Question Answer System Training With Distilbert Base Uncased
Did you ever wish to have someone read over a lot of text and get right to the point, giving an answer to your question? Well, you have come to the right place! So let us try this fun project where we are going to create a Question and Answer system using a great model known as DistilBERT. Do not worry; the code in this topic will remain as basic, easy-to-understand code. By the end of the project, you will learn how easy it is to create something that can understand questions and find answers as if by magic.
Project Overview
In this work, we explain to you how to construct a question-answering system using the DistilBERT model. Which is trained on the SQuAD dataset. Imagine if you could build your own small robot or something like that that could read a passage and select the best answer to the question.
We’ll take you through the necessary procedures including the creation of the necessary tools to the training of the model and even the use of the model in answering questions. And the best part is we will be reusing pre-trained models from the Hugging Face model repository.
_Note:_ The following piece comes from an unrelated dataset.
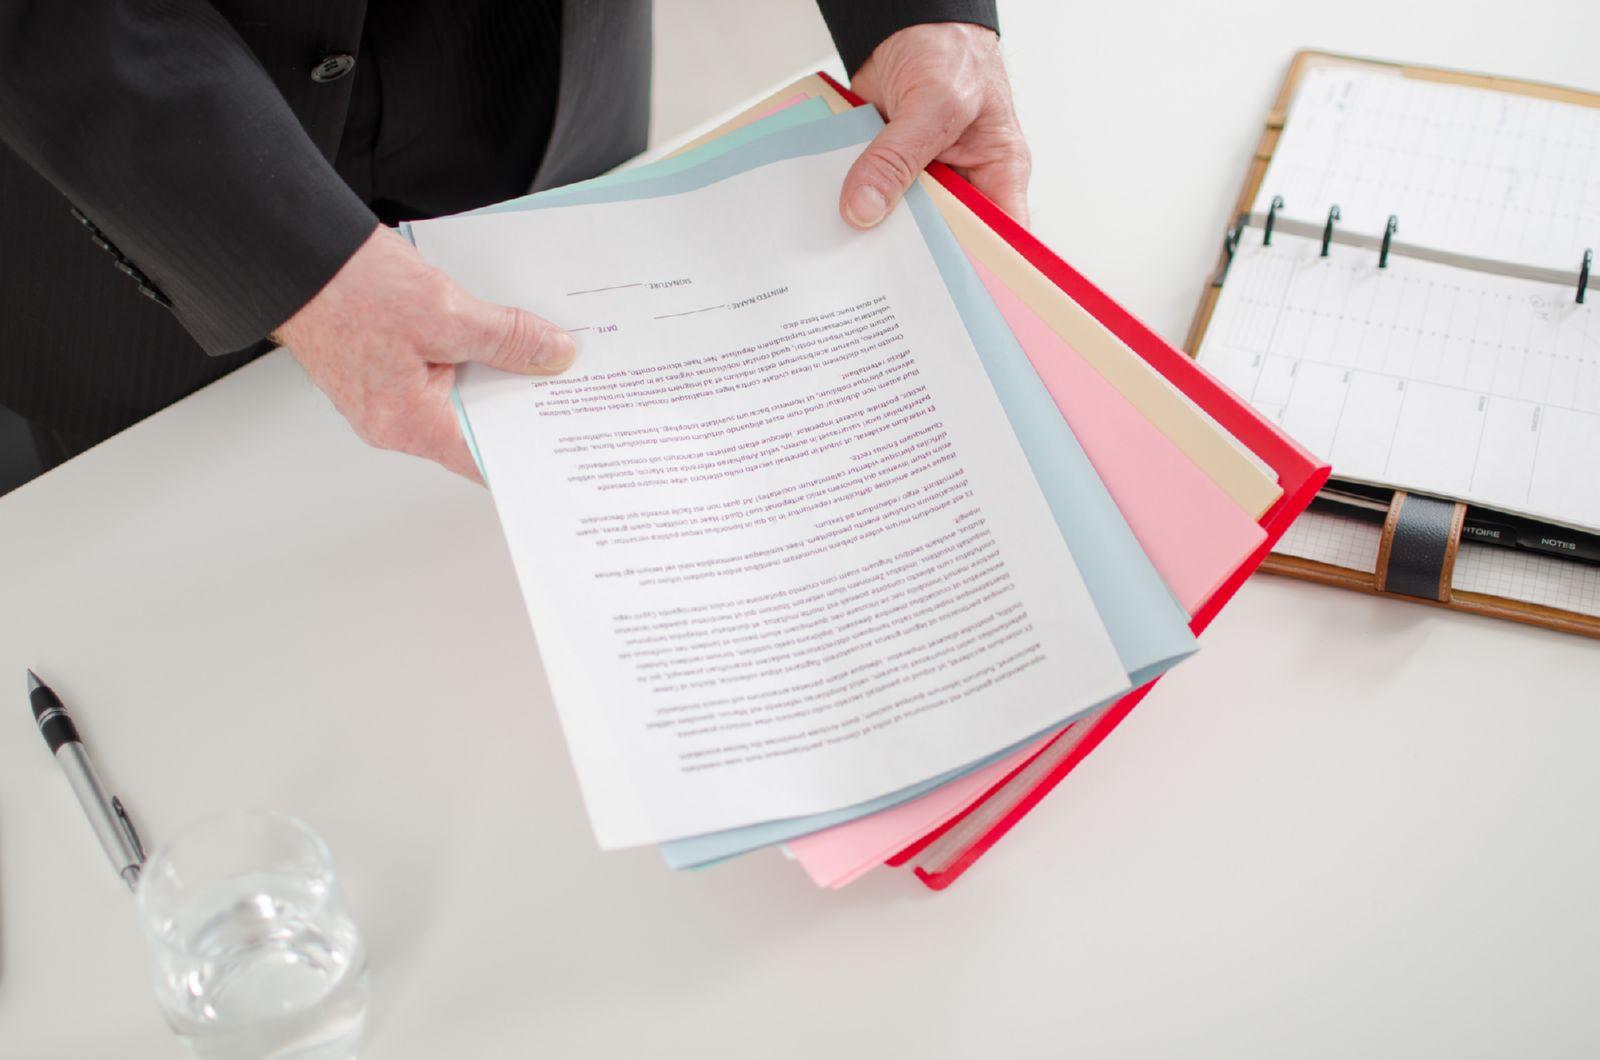 Перечень бумаг для ипотеки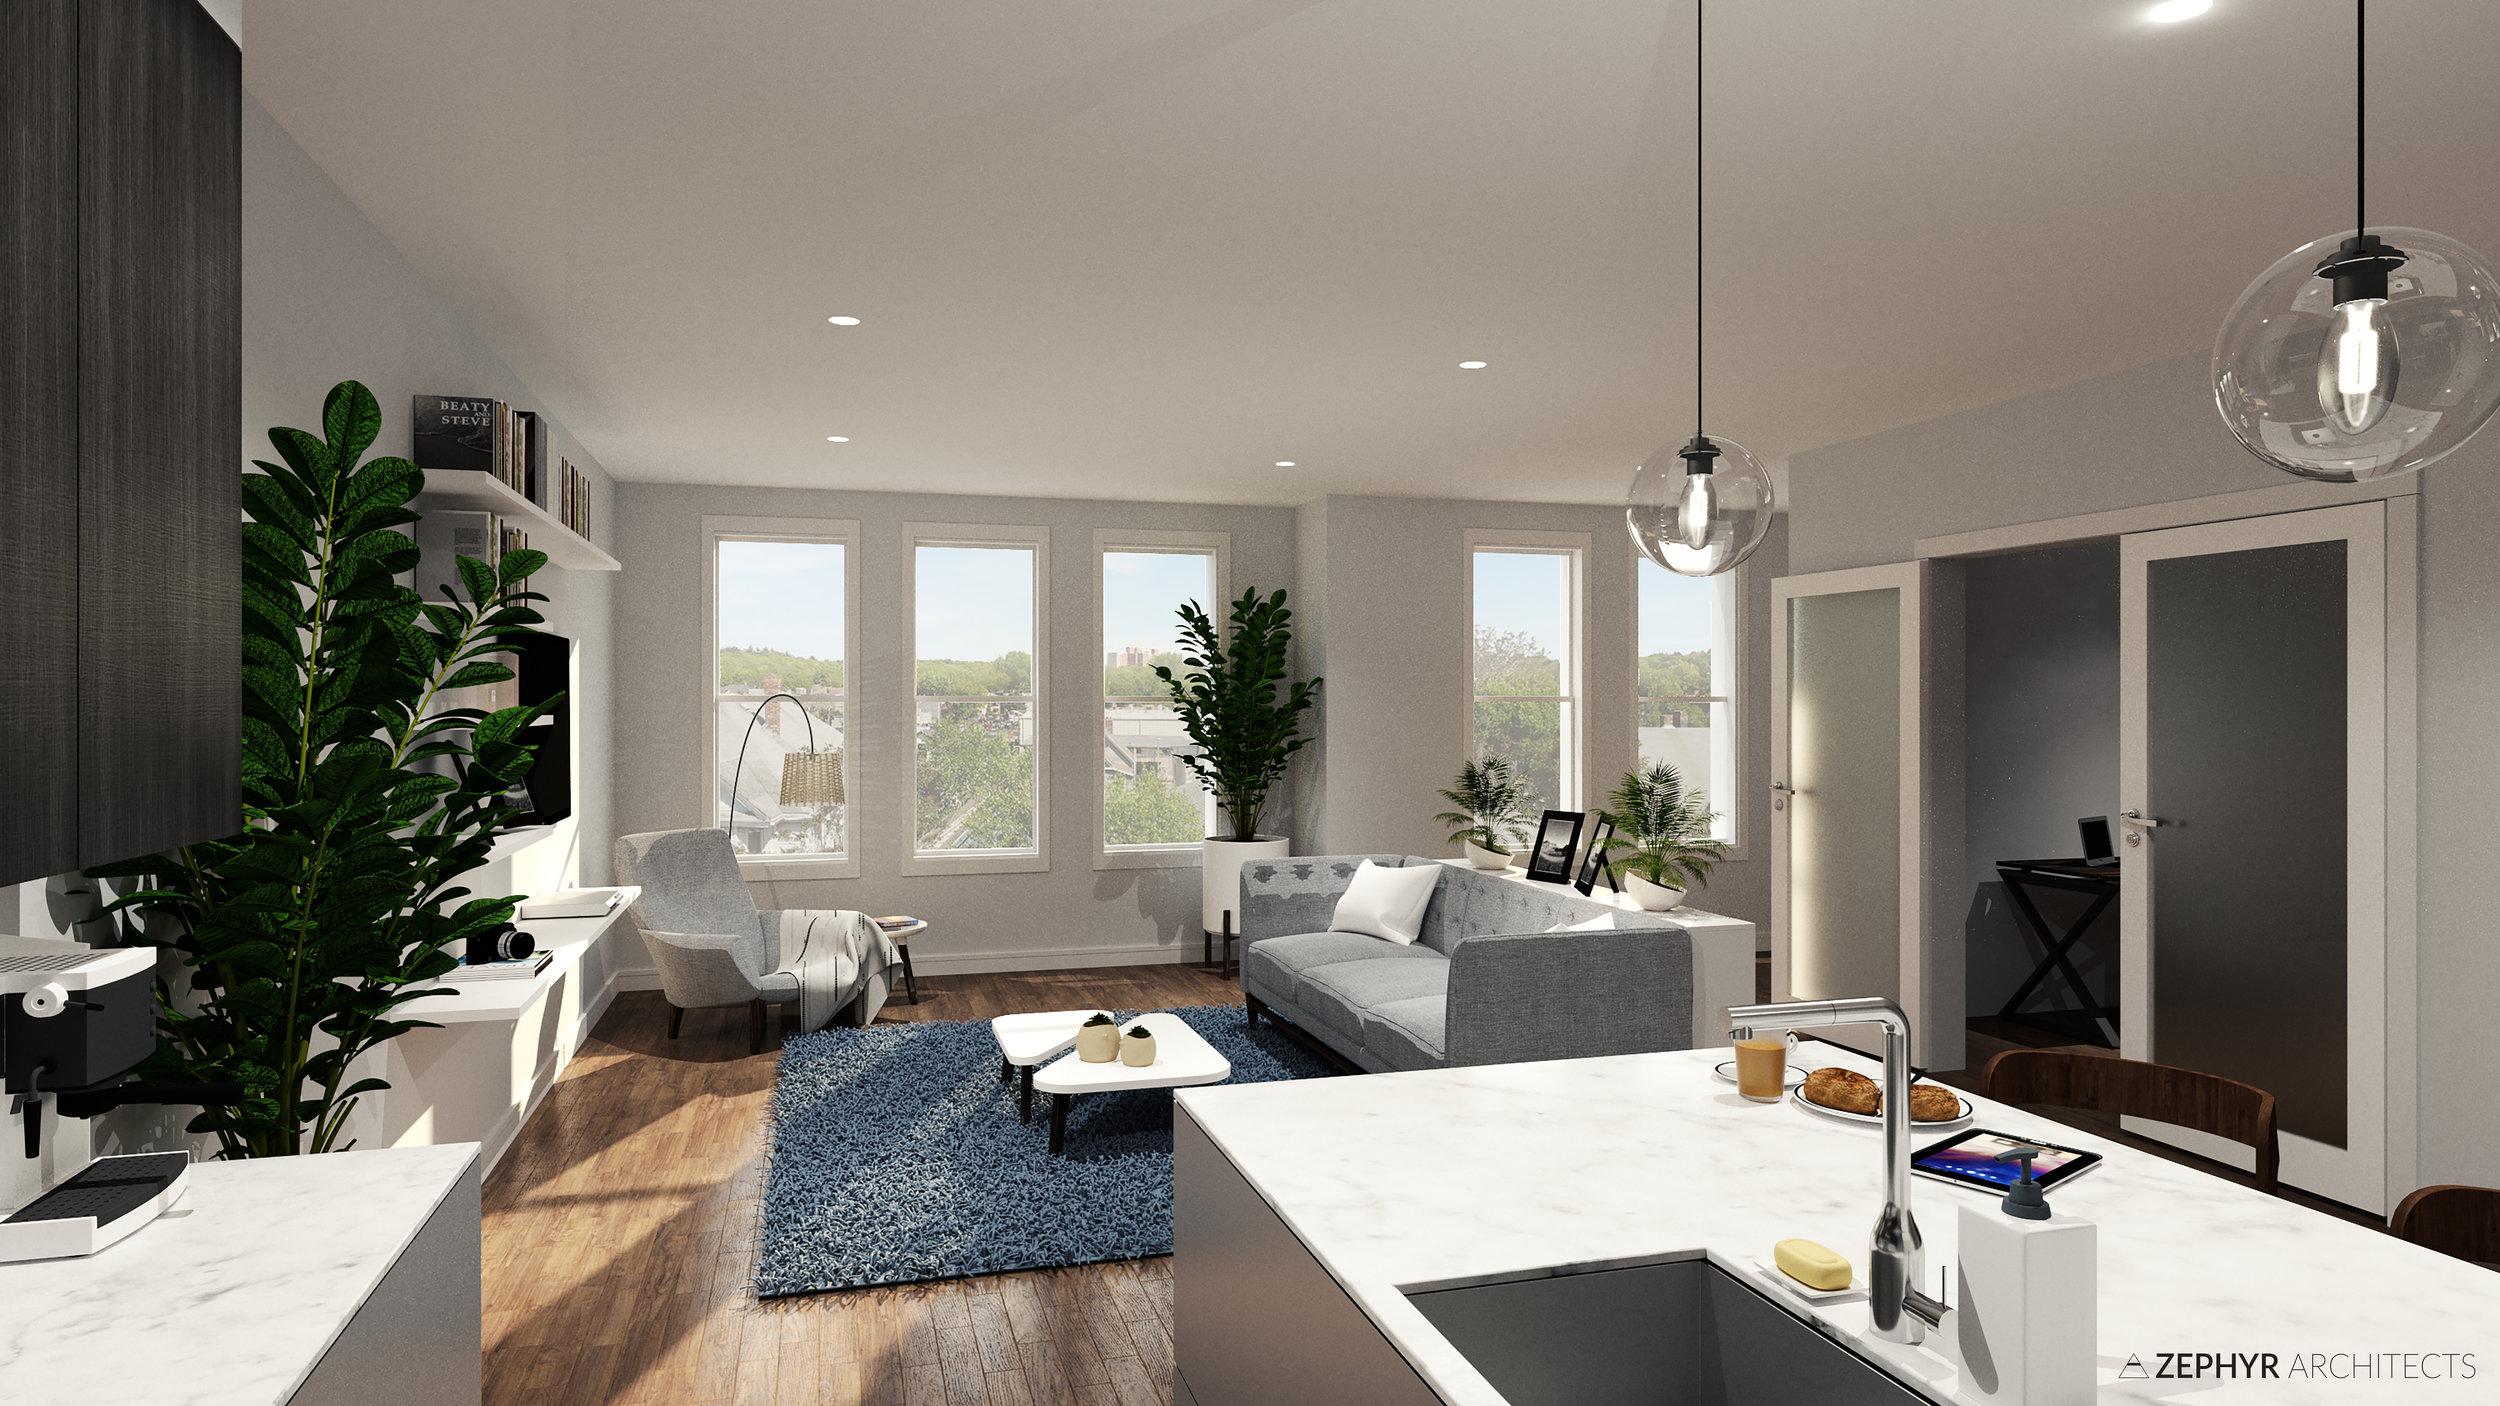 Living Room_300dpi_190129.jpg

This project is for you if you have ever wanted to see how an AI system is made and by the end of this, you will have your own question and answer Bot. It’s time to dive in deep. Let us begin!
Prerequisites
Before diving into this project, you will need to have a few things ready. Do not worry, nothing too complicated.
- Requires understanding of the intermediate Python program.
- Knowledge of Jupyter Notebooks or Google Colab for running the project.
- Knowledge about Hugging Face’s Transformers library.
- There is an expectation that the learner has a minimum understanding of the field of machine learning regarding model training.
- A Google account for accessing Google Colab through which the project will be run online.
- The SQuAD dataset is required for the training and fine-tuning of the model.
Approach
In this project, we will show you step by step how to build a question answering system with DistilBERT and the SQuAD dataset. The process starts with creating the environment through the installation of prerequisite packages such as Hugging Face’s transformers and datasets. Then, we load the popular SQuAD which is an essential dataset that is used to train the models. After we have our dataset ready then it is followed by Tokenization where we preprocess questions and text passages into forms that the model can handle.
As for task-specific pretraining or fine-tuning, we retrain the distilbert-base-uncased model to answer questions with reference to the context. For training, we use Hugging Face’s Trainer API and fine-tune such hyperparameters as learning rate and batch size. When the training session is complete, we test the model’s capabilities by providing new questions and contexts to see how accurately it can provide answers. Last but not least, we release the model to the Hugging Face Model Hub where everyone can use it for NLP projects.
Workflow and Methodologies
- Install Dependencies: Prepare the system by adding the libraries of transformers, and datasets.
- Load the SQuAD Dataset: Load and divide the SQuAD dataset into training and testing sections.
- Data tokenization: Prepare questions and contexts for model input using auto tokenizer from hugging face.
- Fine-tuning of the model: Take the pre-trained distilbert-base-uncased model and fine-tune it using SQuAD dataset to perform Question Answering Task.
- Model Training and Evaluation: Employ Trainer to fit the model and evaluate its performance using accuracy, and F1 score, among other metrics.
- Testing with New Questions: Evaluate the model with new questions and respective contexts to see the result of the model.
- Deploy the Model: Use push_to_hub() function to deploy the trained model onto the Hugging Face Model Hub for sharing and accessing the public.
Data Collection and Preparation
Data Collection Workflow
- Collect the Dataset: Load the SQuAD dataset by leveraging the datasets library provided by Hugging Face.
- Explore the Dataset: Look at a few examples in order to get a sense of the way texts with passages, questions, and answers are formatted.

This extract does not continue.